Chernobyl is still topical and even more so after his series has become one of the best rated in IMDB history. Tourism in the area continues to grow and with it the questions about the current state of the flora and fauna that live there. In 33 years, the exclusion zone has gone from being the scene of one of the greatest catastrophes to being called a Radioactive Biosphere Reserve due to the diversity of animals and plants that currently roam freely.
However, although this is the case today, in 1986 plants were the ones that best responded to radioactivity, adapting to it and fighting cancer much better than animals.
3 years. It was the time that the surviving Ukrainian flora needed to adapt to the new radioactive context. The plants that survived the explosion were all those that were beyond the 10 km2 near the reactor. In fact, at that distance there was a pine forest that ended up being called “red forest” because it absorbed the energy ejected by the reactor on the night of the catastrophe.
Why did they survive? Unlike animals, according to the BBC biochemist Stuart Thompson, plants are capable of adapting to the most extreme conditions, among other things, because they cannot move from the ground. For this reason, instead of having a defined and organized cell structure, they have another that is constantly changing and is capable of creating new cells if necessary. And this is what they do in a context of genetic alteration.
The cancer does not spread. While radioactivity and its harmful particles kill animal cells and tissues, plants have the virtue of being able to replace damaged structures and create new cells, specifically the type they need. In addition, they learn to work around cancerous tissue and do not spread cancer cells to the rest of the plant.

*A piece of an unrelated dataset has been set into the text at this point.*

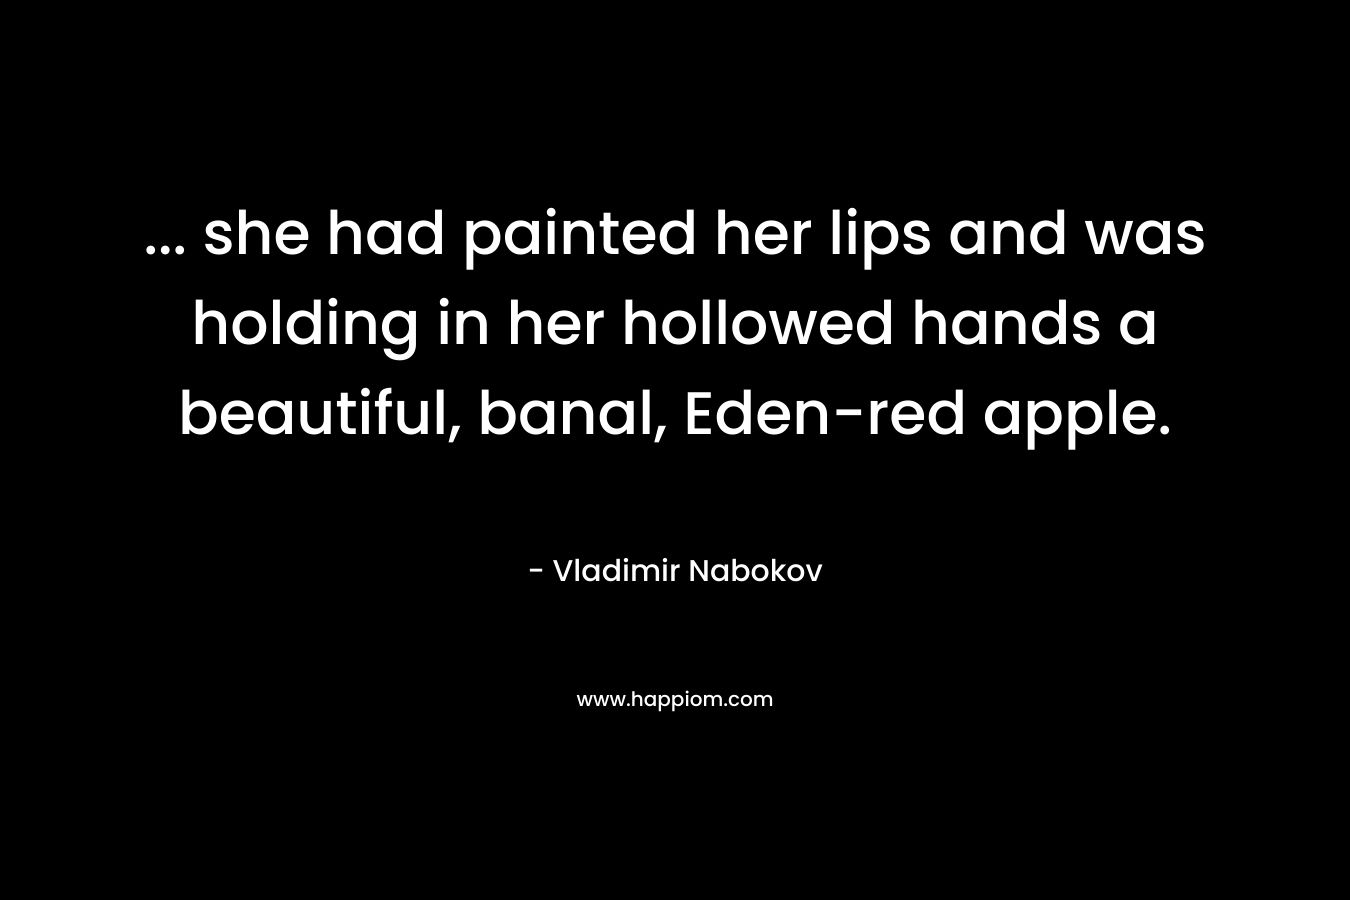 ... she had painted her lips and was holding in her hollowed hands a beautiful, banal, Eden-red apple.

The latter is thanks to the rigidity of plant tissues, which are often not connected to each other.
In this way, even if the cell of a plant suffers mutations (genetic alterations) in its sequencing, it does not have to affect the rest of the cells since they do not multiply arbitrarily as happens in animals.
a particular DNA. Another factor that makes radioactivity so dangerous is its power to directly penetrate cells’ DNA and modify them, causing irreparable damage. Unlike animals, plants are able to resort to chemical mechanisms that they used when the natural radioactivity of the Earth was higher. Thus, in order to protect their DNA, they use this genetic information, increasing their survival rate compared to animals.
3,940 cancer deaths. It is precisely the cellular organization structure of animals that made radioactivity deadly in this case. Unlike plants, animal cells are very sensitive to radiation and, at low doses, mutations appear that lead to tumors. The fact that all our cells are connected and organized in the form of tissues means that, when the sequence of a cell is altered, it is forced to replicate and transmit this information to the rest of the body.
The rapid spread of cancer cells created as a result of a radioactive context such as Chernobyl leaves figures around 4,000 deaths from cancer and according to data compiled by the World Health Organization, after reviewing exposed civilians directly or indirectly to this type of particles. Despite the fact that the WHO data has been called into question on different occasions, to date it is the only official figure together with the one given by the USSR three decades ago and located at 31 deaths.